Episode 1 – | Review Score – 3/5
Episode 2 – | Review Score – 3/5
Episode 3 – | Review Score – 3/5
Episode 4 – | Review Score – 4/5
Episode 5 – | Review Score – 3.5/5
Episode 6 – | Review Score – 4/5
Episode 7 – | Review Score – 3.5/5
Episode 8 – | Review Score – 3.5/5
Episode 9 – | Review Score – 3/5
Episode 10 – | Review Score – 2.5/5
Episode 11 – | Review Score – 2.5/5
Episode 12 – | Review Score – 2/5
Episode 13 – | Review Score – 3.5/5
Episode 14 – | Review Score – 2.5/5
Episode 15 – | Review Score – 2/5
Episode 16 – | Review Score – 3/5
She Would Never Know could be a great romcom if it were 6 episodes shorter. While most Korean dramas work beautifully within its 16 episode structure, She Would Never Know slips up with a bloated run-time and a story that eventually runs out of ideas.
The story here revolves around the workplace romances and drama inside KLAR Cosmetics. Smart and successful Song-A works as a marketer and she brightens up the room every time she enters. With high aspirations of starting her own cosmetic brand, in secret she happens to be dating her boss, BM Jae-Shin.
However, Song-A’s junior and work colleague, Hyun-Seung, takes a fancy to Song-A and tries to win her own. It’s a simple concept in truth, but one that’s made a little more complicated than it first seems. As we soon find out, Jae-Shin is actually engaged to the Chairman’s daughter, Hyo-Joo – something Song-A is not aware of.
In predictable rom-com fashion, Hyun-Seung and Song-A start to grow closer together. The trouble is, the rest of the story doesn’t have enough substance to really progress and move beyond this central idea. Once the knots are untangled, the drama almost completely dissipates. This is made worse by the fact that the supporting characters and their stories are far more interesting than the central conflict.
First up we have Hyun-Seung’s older sister Ji-Seung, who winds up getting involved with Hyo-Joo’s brother and Jae-Shin’s best friend, Jae-Woon. The pair have very little screen-time but their moments are fun and lighten the mood.

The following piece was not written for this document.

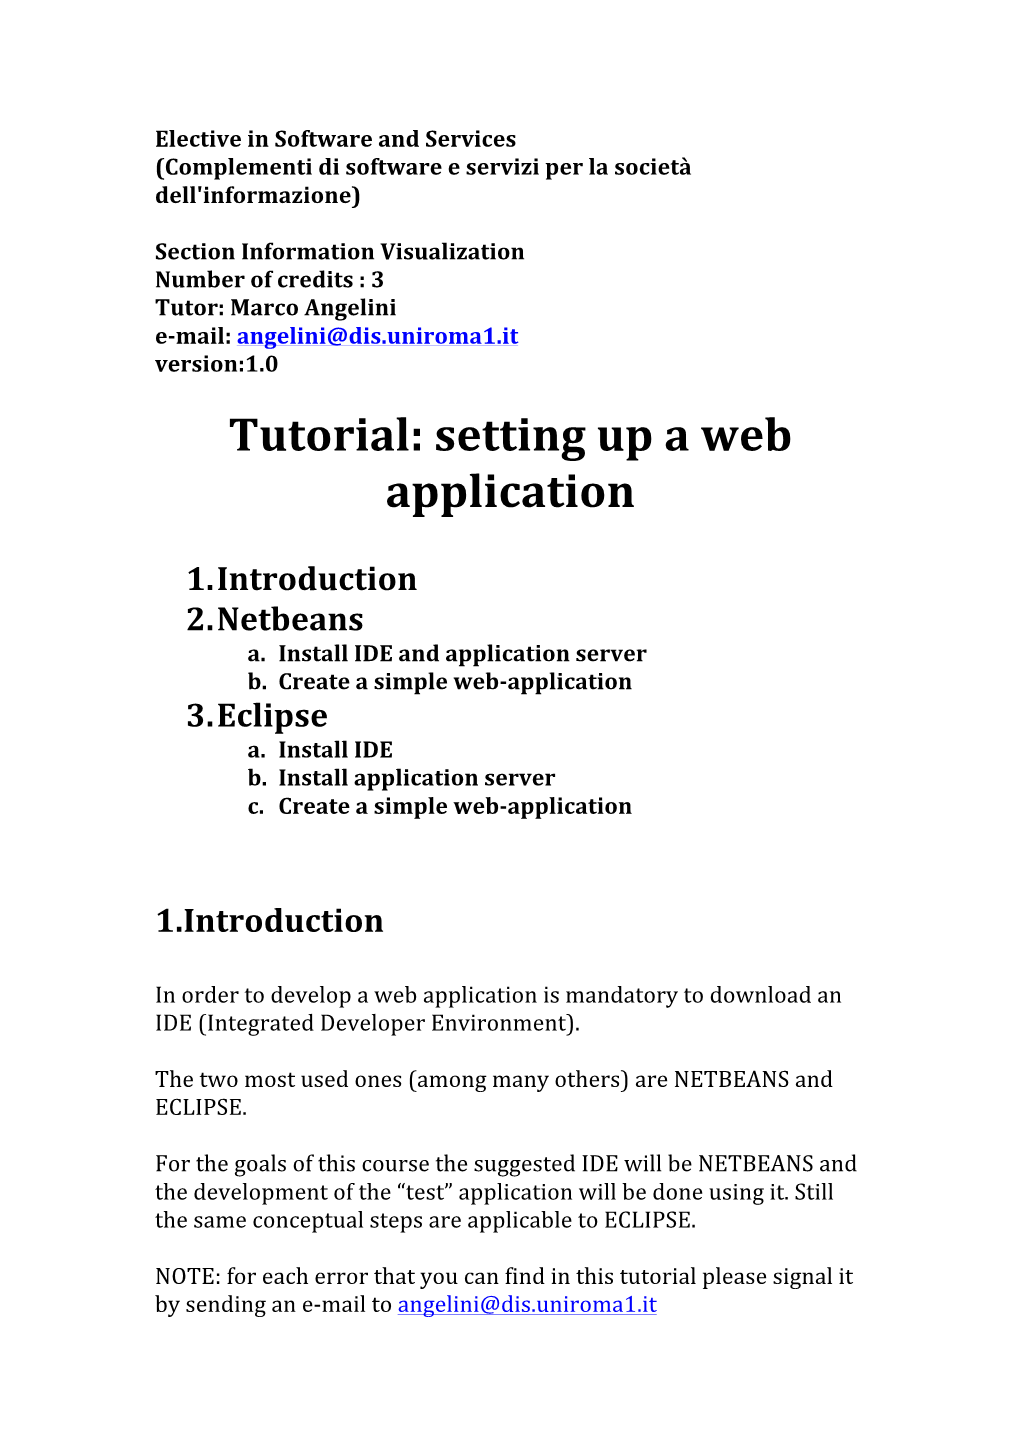 Tutorial: Setting up a Web Application

By comparison, you have younger sister Yeon-Seung, who’s married to quiet and reserved Woo-Hyun. Their marital issues are strained by the introduction of Chef Ryu, Woo-Hyun’s best friend.
Both of these subplots have some nice moments but unfortunately find themselves relegated to the shadows for large stretches of the run-time. Instead, She Would Never Know valiantly continues to show Song-A and Hyun-Seung’s will/won’t they romance, complete with all the usual clichés one would expect from this genre.
Thankfully, the acting does go some way to diminish the issues felt here. Both Won Jin-A and Ro Woon put on a decent performance as the two leads while Ha Yoon-Kyung, who plays Yeon-Seung, is easily the stand-out. The range she exhibits during some of her emotionally charged scenes late on really help light up the otherwise dull shades filtered across this show.
Unfortunately this isn’t enough to shake off the shackles of mediocrity that hold She Would Never Know down. This series is so inoffensively bland that at times it’s easy to forget the brighter moments of the run-time.
The second half in particular, from around episode 10 onwards, slows the pace to such a degree that many people will inevitably fast forward through until the drama picks up. Unfortunately, it never does.
There’s just enough here to stick with until the end, with a finale does wrap up all the loose ends, but the ride to get there is far more of a slog than it needs to be.
She Would Never Know is a show that could have been great. There’s certainly a lot of potential here but it’s squandered in a story too compact for the usual 16 episode format.
The result then is one of 2021’s most inoffensively bland Korean dramas. She Would Never Know is not a bad show but it’s not a particularly good one either, leaving things with an indifferent shrug rather than a rapturous string of applause.